Я не наказала Раньеро.
— Пошли. Нам пора.
Я развернулась. Позади Раньеро поспешно сделал шаг вперед.
Все еще стоя к нему спиной, я сказала:
— Твое тело... я подумаю, что с ним можно сделать.
Я чувствовала себя виноватой. Раздался ироничный смешок.
Уверена, даже полностью разрушив меня, он никогда бы не почувствовал подобного.
***
Теперь оставалось только завершить путешествие к храму Тунии вдвоем.
Все, кто вышел с нами на станции Юбира, давно ушли вперед. Ветер по-прежнему прохладен, пейзаж все так же красив. Но я больше не могу наслаждаться этой красотой в полной мере.
Даже когда солнце зашло, и вокруг стало темно, я продолжала идти. Я слышала, как Раньеро следует за мной на шаг позади.
Те, кто шли впереди, еще на закате разбили привал на пустыре. Как и во время обеда, они все сбились в кучу.
Я остановилась и немного посмотрела в их сторону, потом сказала Раньеро:
— Пойдем.
— Не хочешь отдохнуть?
— Хочу просто быстрее дойти.
Раньеро на мгновение замолчал. Казалось, он оценивал расстояние от станции Юбира по тому, что было написано в брошюре.
— До этого ты свалишься с ног.
— С каких это пор ты беспокоишься о таких вещах?
Ответа не последовало.
— Если я упаду — понесешь меня.
— Хорошо.
Он ответил без раздумий, словно это что-то совсем простое.
Ненадолго повисло молчание. Потом Раньеро вдруг, будто осознав, сказал:
— Это ведь не приказ.
Я промолчала.
Шагать до изнеможения — тоже не такое уж простое дело. Такое возможно только при огромной силе воли.
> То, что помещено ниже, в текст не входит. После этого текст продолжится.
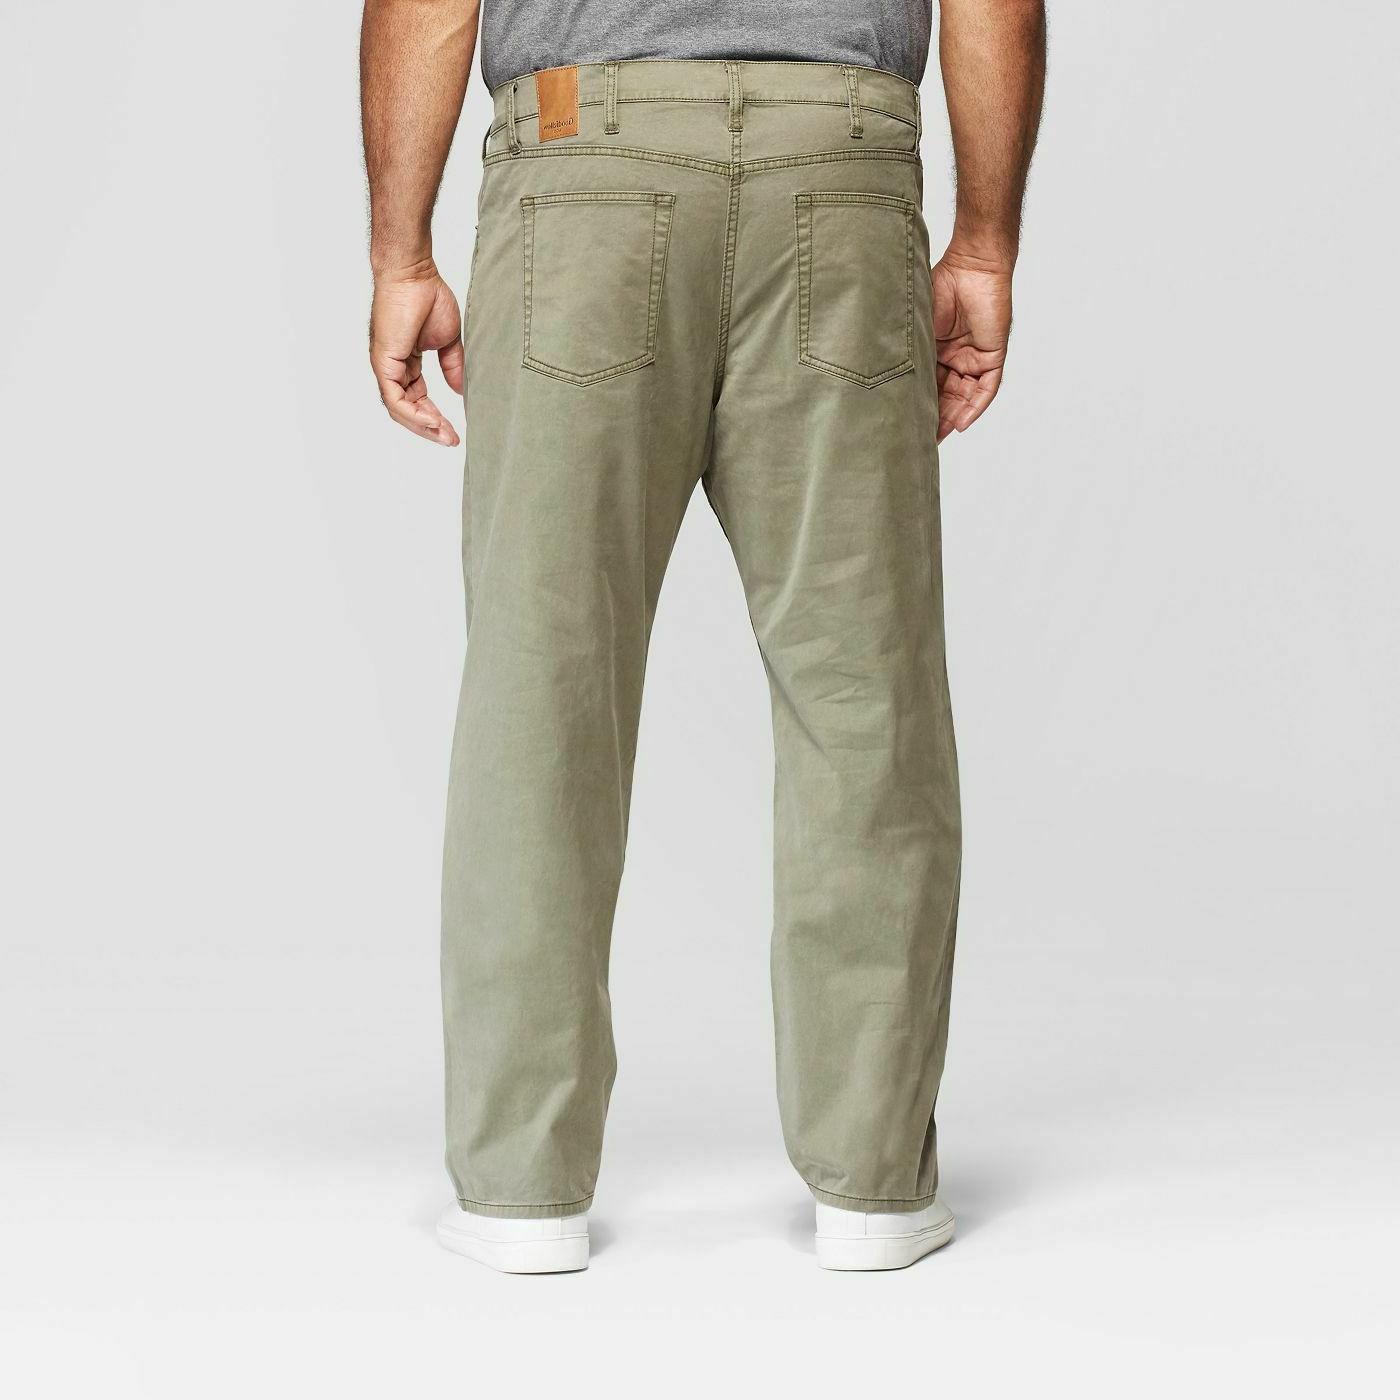 Men's Slim Pants Goodfellow & Co
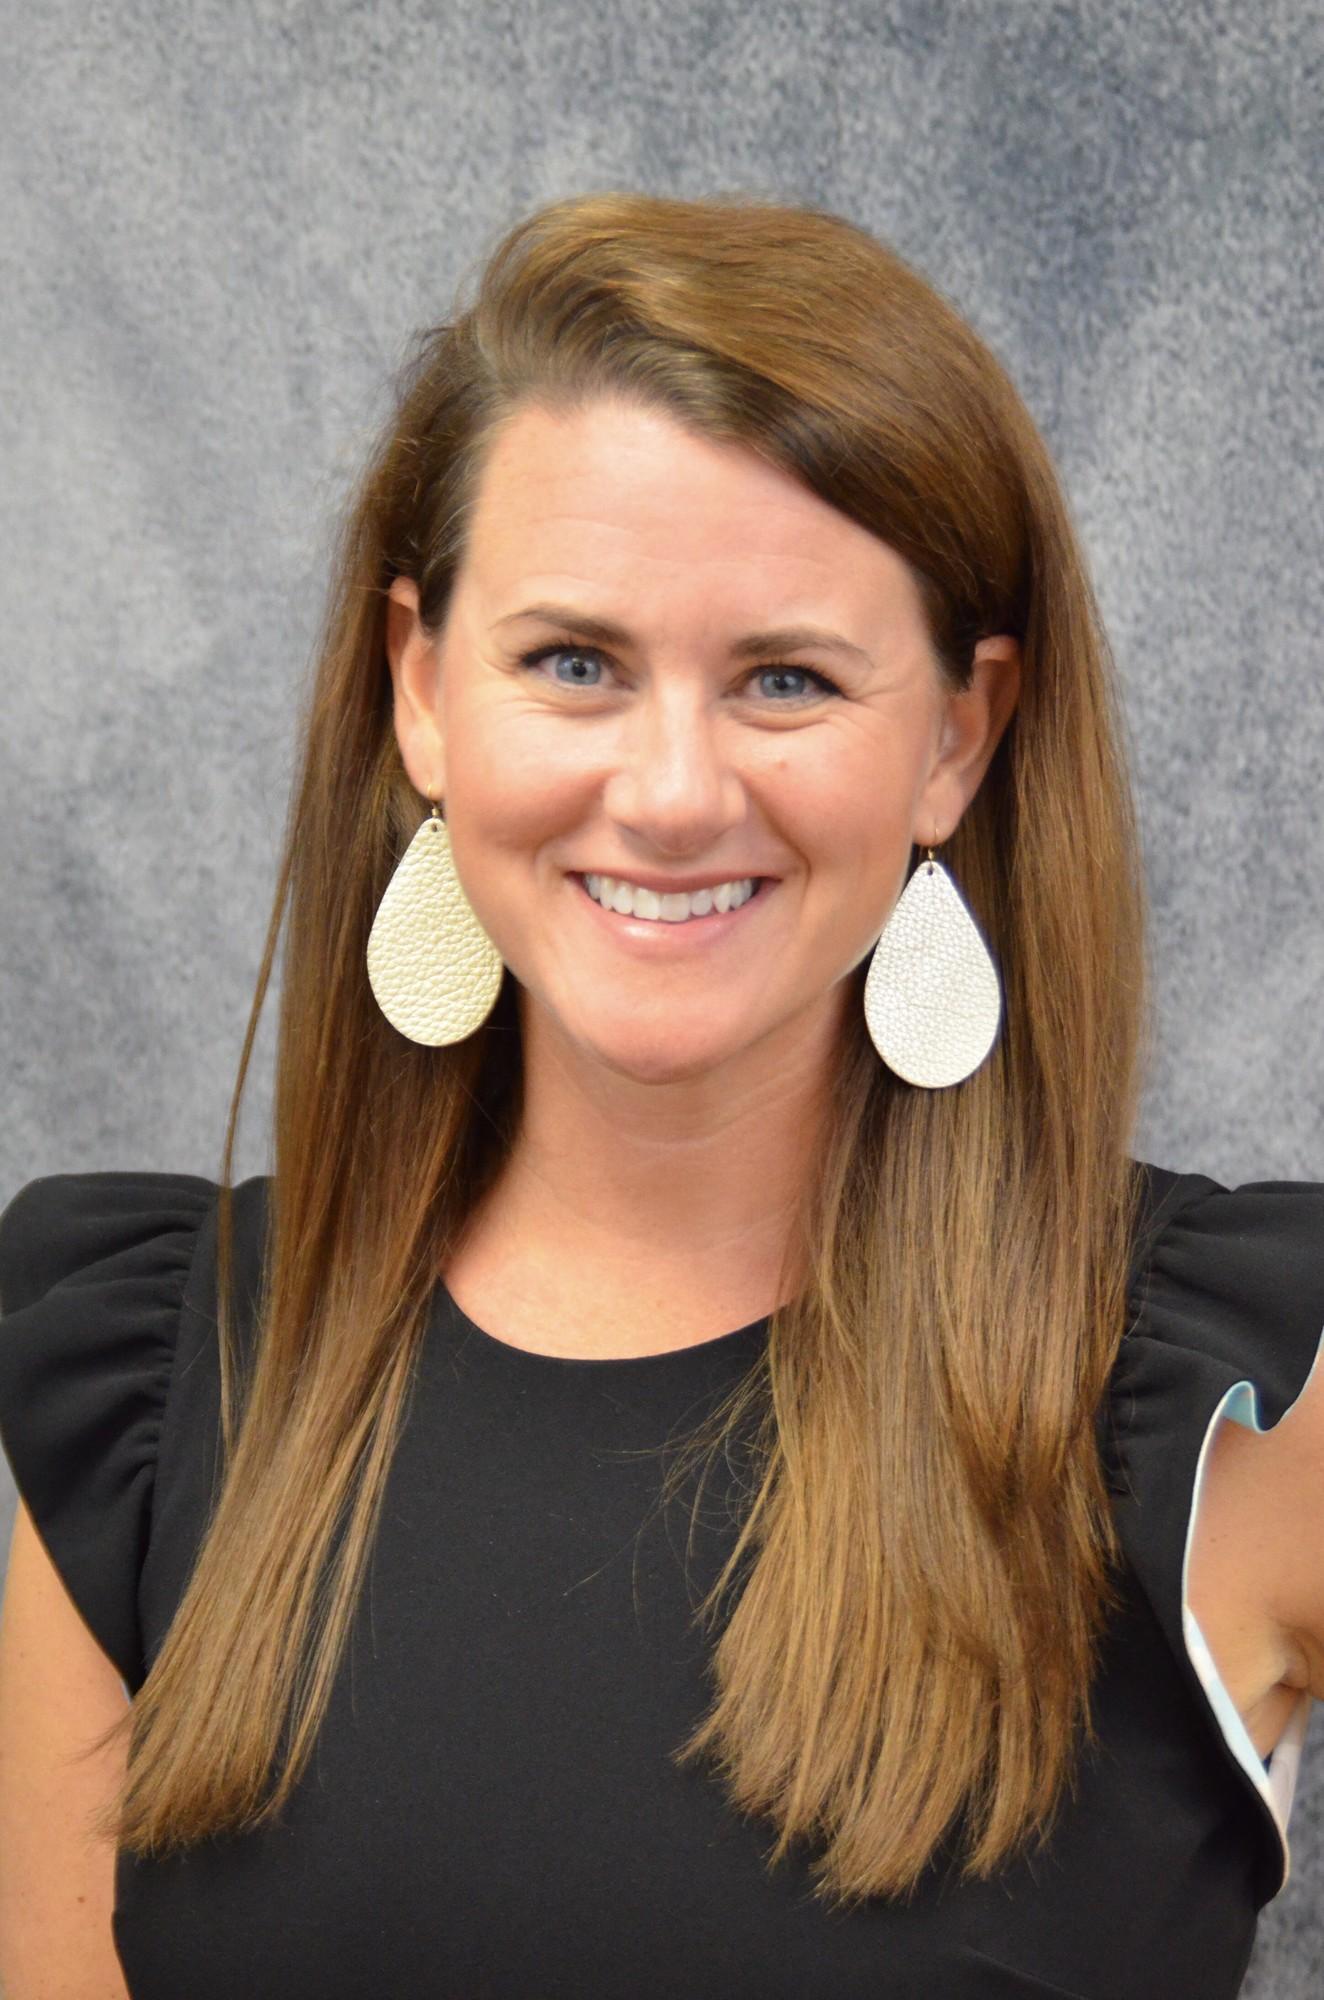 Misty Burton, Junior League of Columbia President

Когда ноги окончательно одеревенели и идти стало невозможно, я опустилась на землю. Достала из рюкзака карманные часы, которые положила мне Кони. Было 4 утра.
Пока я сидела и пила воду, Раньеро прошел мимо и ушел вперед, затем вернулся.
— Впереди знак.
На пути от станции Юбира до храма Туния через определенные промежутки стояли указатели:
Вы на правильном пути.
До Храма осталось столько-то.
Словно кто-то говорил это.
Я закрыла флягу и спросила:
— Какая цифра?
— Восемь.
У входа в храм — последняя отметка с цифрой десять. Значит, осталось совсем немного.
Но, черт возьми, путь занимает намного больше времени. Больше двенадцати часов.
Наверное, в брошюре имелось в виду: если идти в идеальной физической форме, с перерывами на отдых, взрослому человеку понадобится двенадцать часов пути.
— Хоть немного бы полегче…Ветер был прохладным, поэтому пот, стекавший по телу, быстро высох.
Слышалось стрекотание сверчков. Когда дул ветер, они замолкали, а когда утихал — начинали стрекотать громче.
Шум, будто кто-то катит по корзине мелкие камешки.Ноги казались свинцовыми, но лоб и затылок приятно высохли.
Тревоги, что так мучили меня, отступили под натиском физической усталости, и остались только простые ощущения.
Просто закрыть глаза.
На минуточку…
***
Кажется, я ненадолго задремала.Раньеро нес меня на спине.
Воздух, касающийся щек, был прохладным. Однако температура мертвого тела ощущалась сквозь одежду. Оно казалось удивительно живым.Видимо, потому что мы долго прикасались друг к другу.
Я моргнула.
Размытый, нечеткий взгляд наполнился розовым свечением.Я резко открыла глаза.
Повсюду цвели розовые цветы, которые в дымчатом предрассветном воздухе на первый взгляд казались фиолетовым.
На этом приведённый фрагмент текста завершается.